[Opening COLLECTED MATERIAL section]

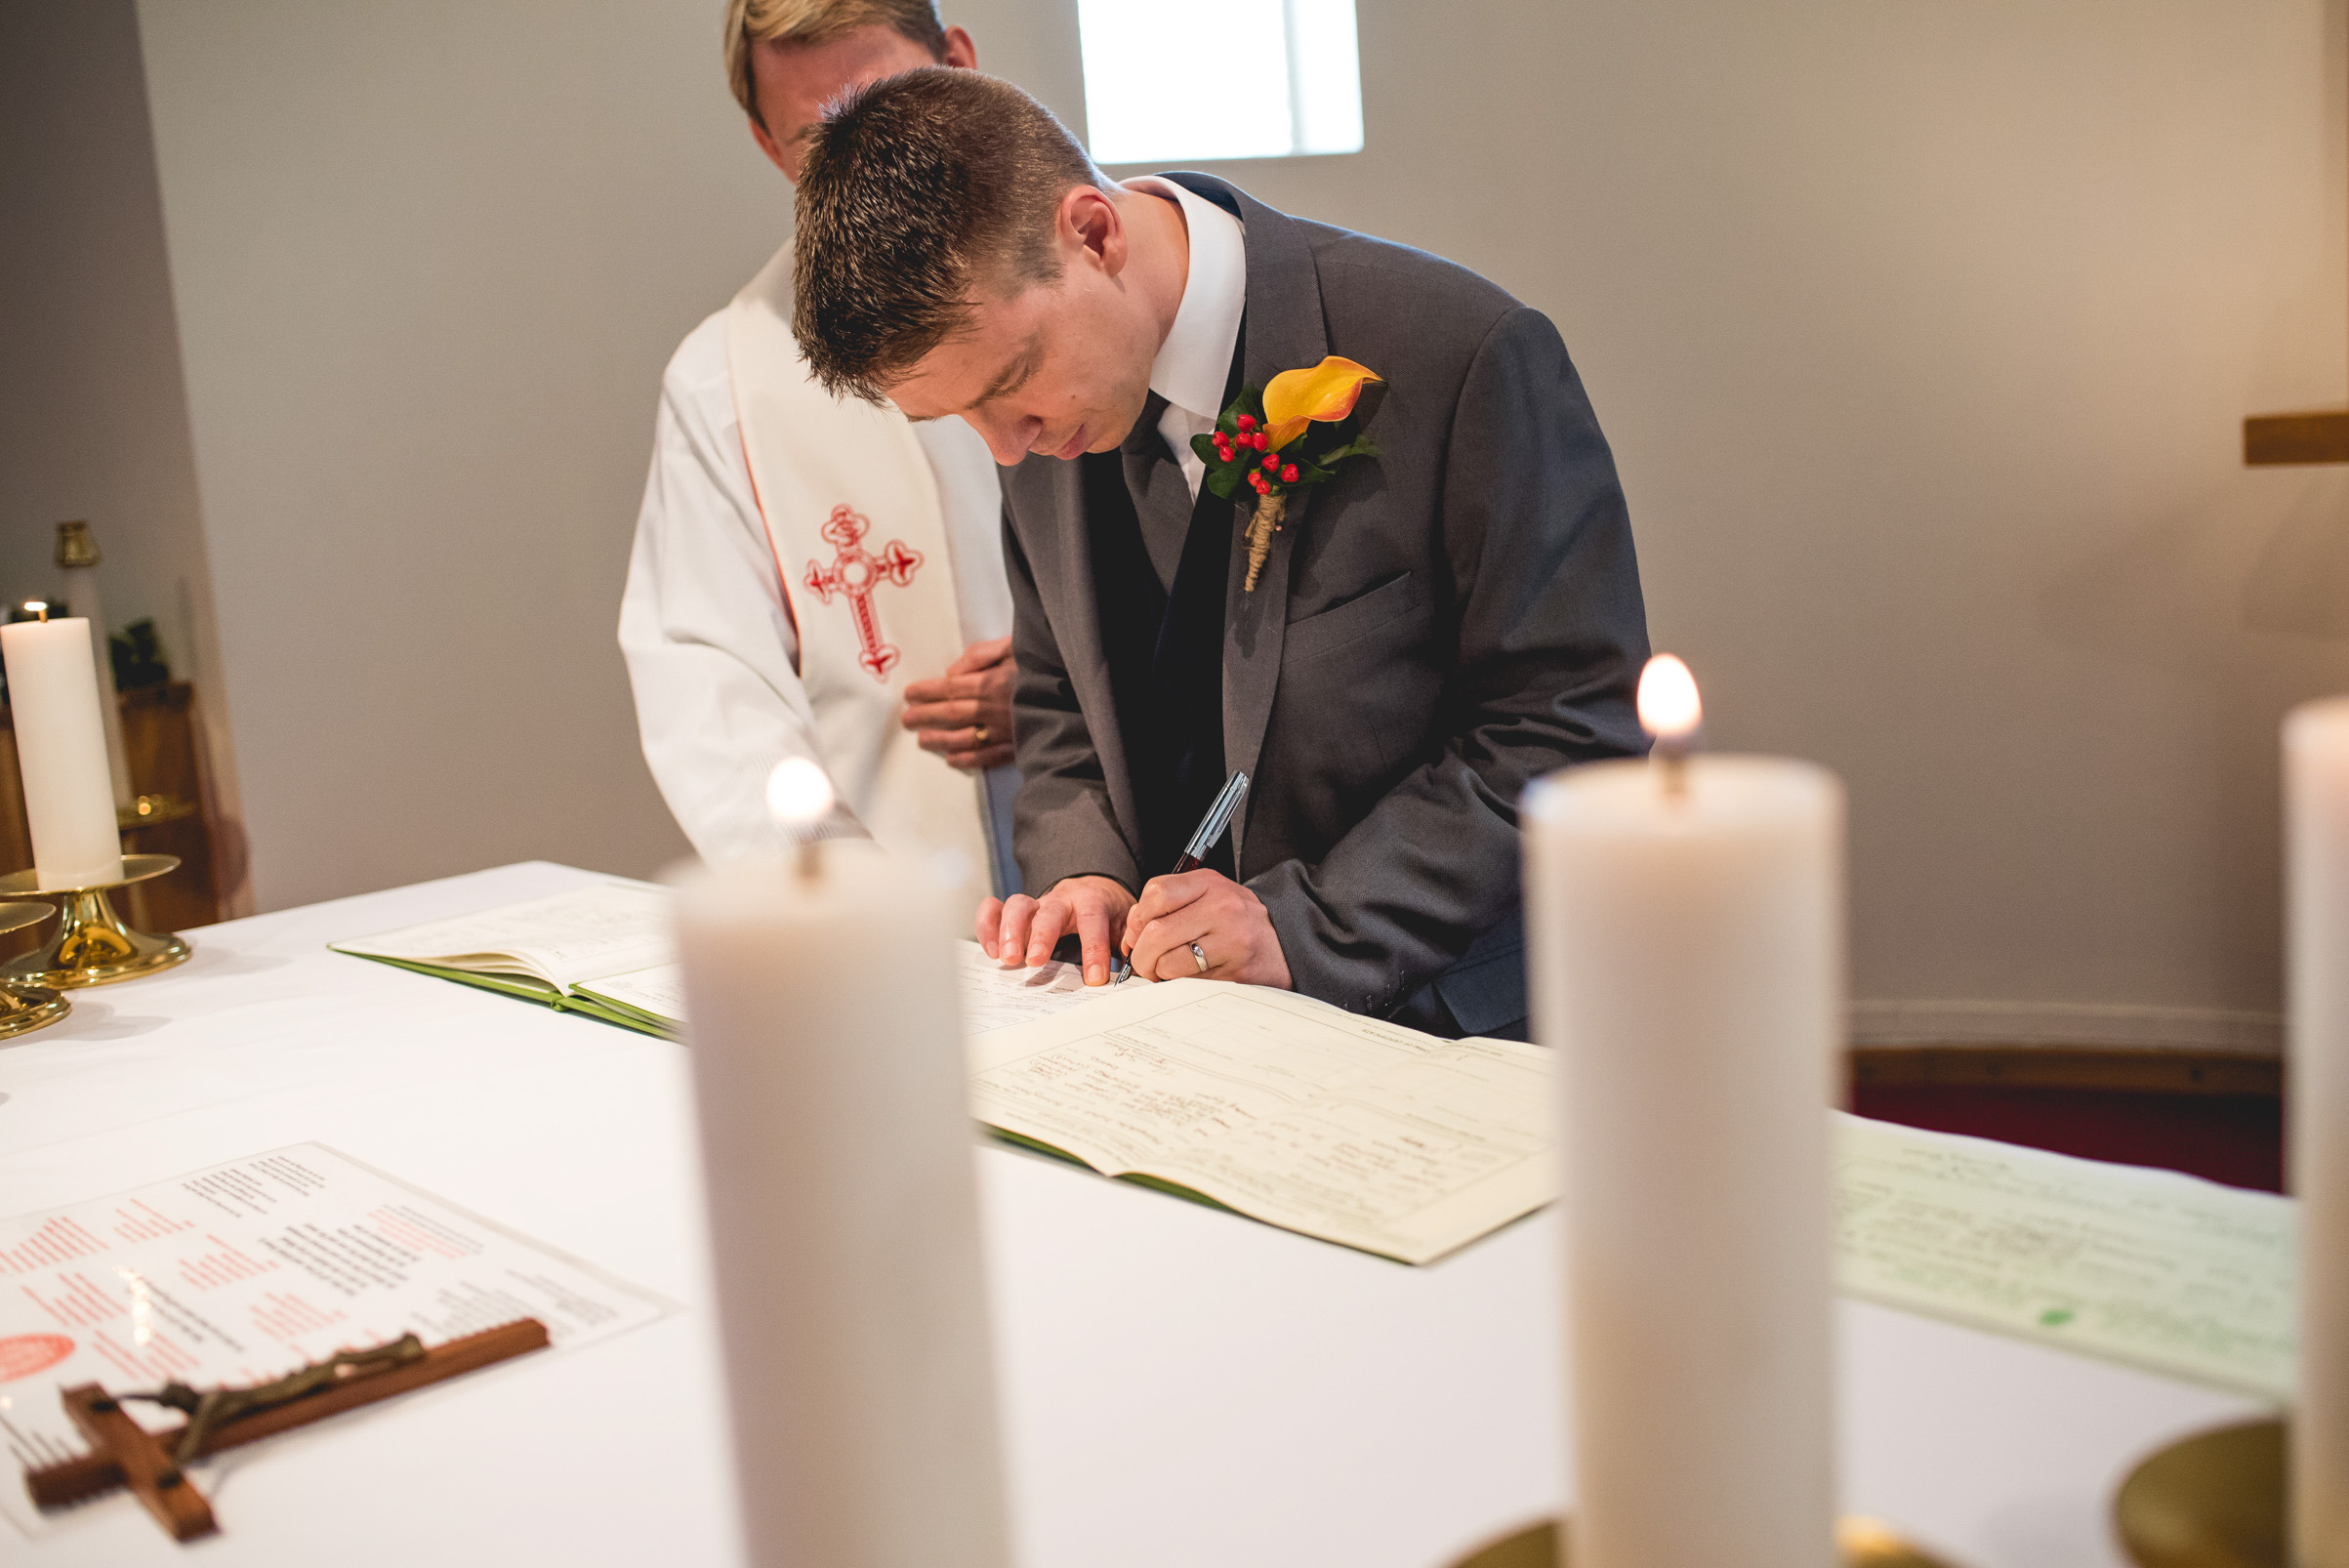 The+Fairlawns+wedding+Aldridge+StLukes+Church-100.jpg
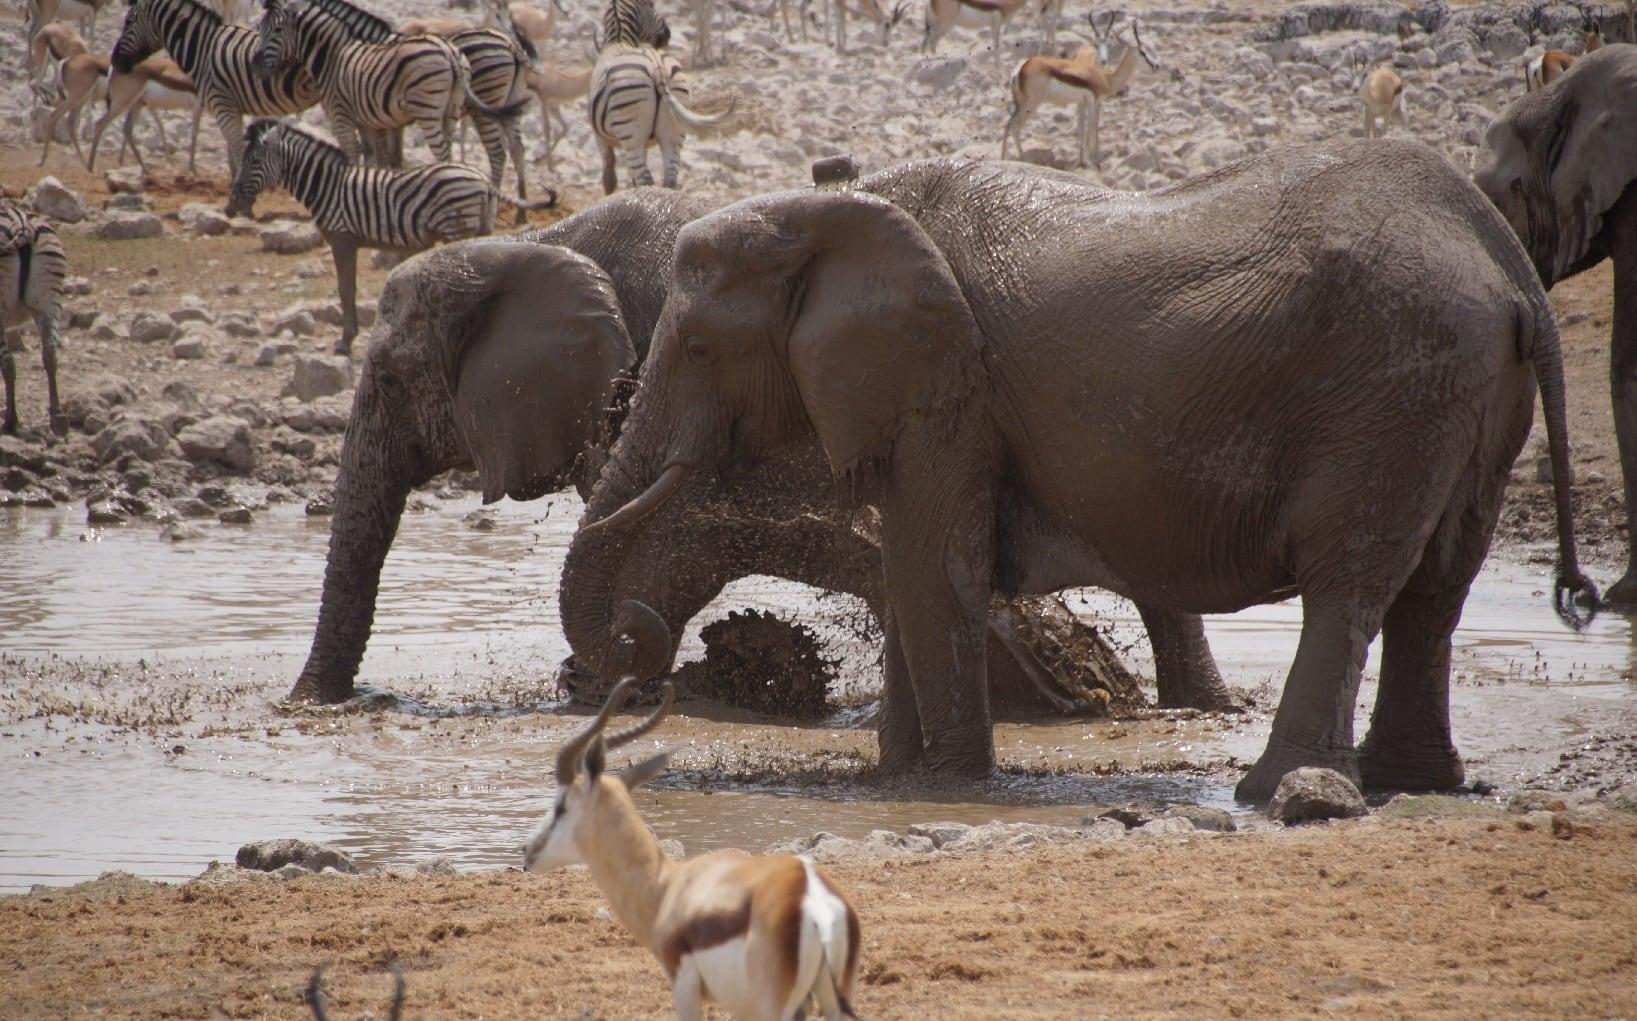 Elefanten im Wasserbad im Etosha Nationalpark
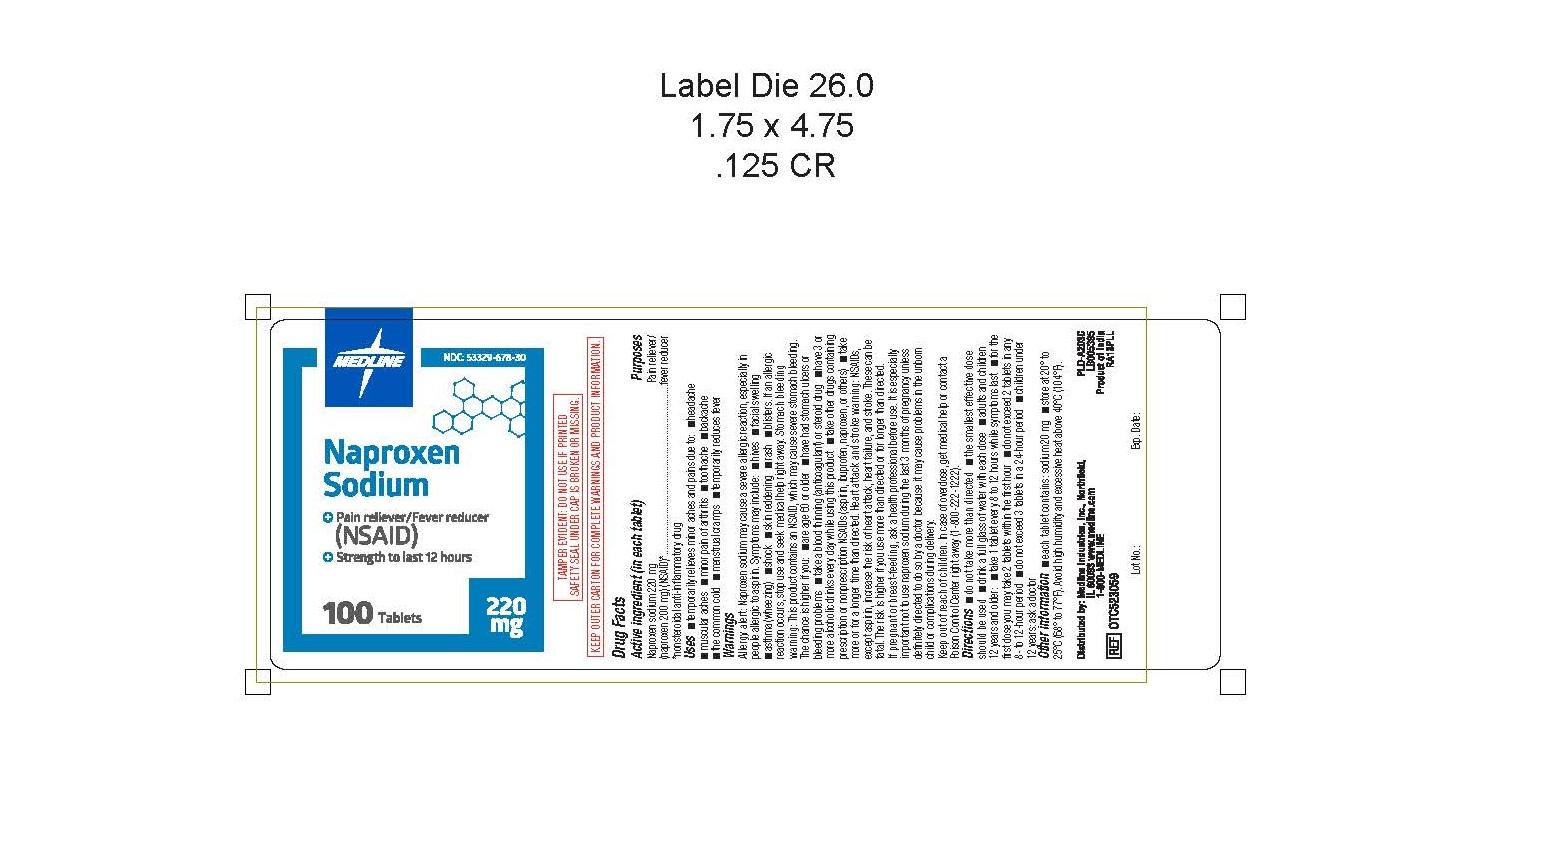 Immediate product label
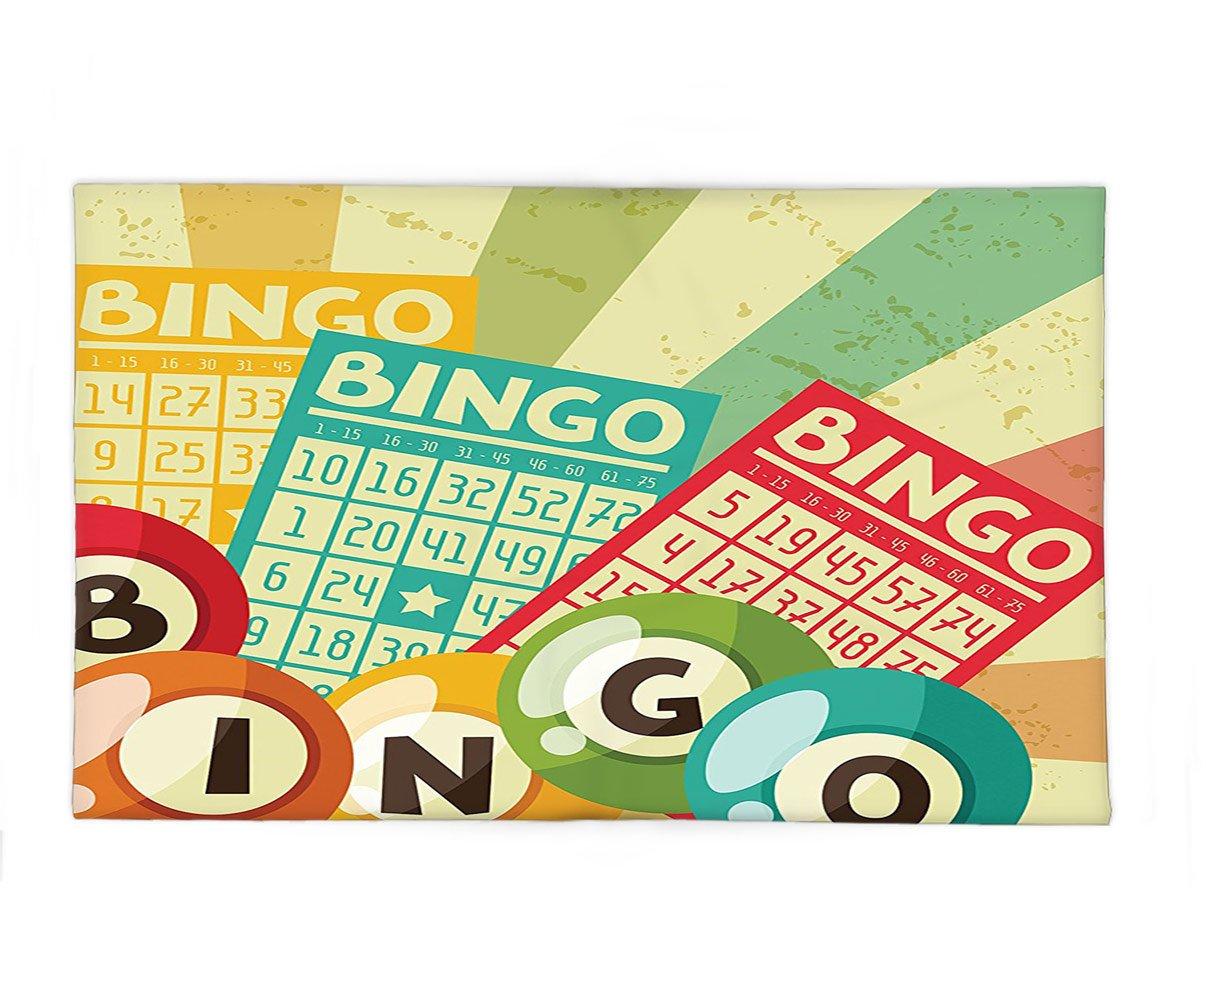 Interestlee Fleece Throw Blanket Vintage Decor Bingo Game with Ball and Cards Pop Art Stylized Lottery Hobby Celebration Theme Multi

[Closing COLLECTED MATERIAL section]

WORK REQUEST - Leave the pictures out and return the rest of the material exactly.

TASK ANSWER -
 The+Fairlawns+wedding+Aldridge+StLukes+Church-100.jpg
 Elefanten im Wasserbad im Etosha Nationalpark
 Immediate product label
 Interestlee Fleece Throw Blanket Vintage Decor Bingo Game with Ball and Cards Pop Art Stylized Lottery Hobby Celebration Theme Multi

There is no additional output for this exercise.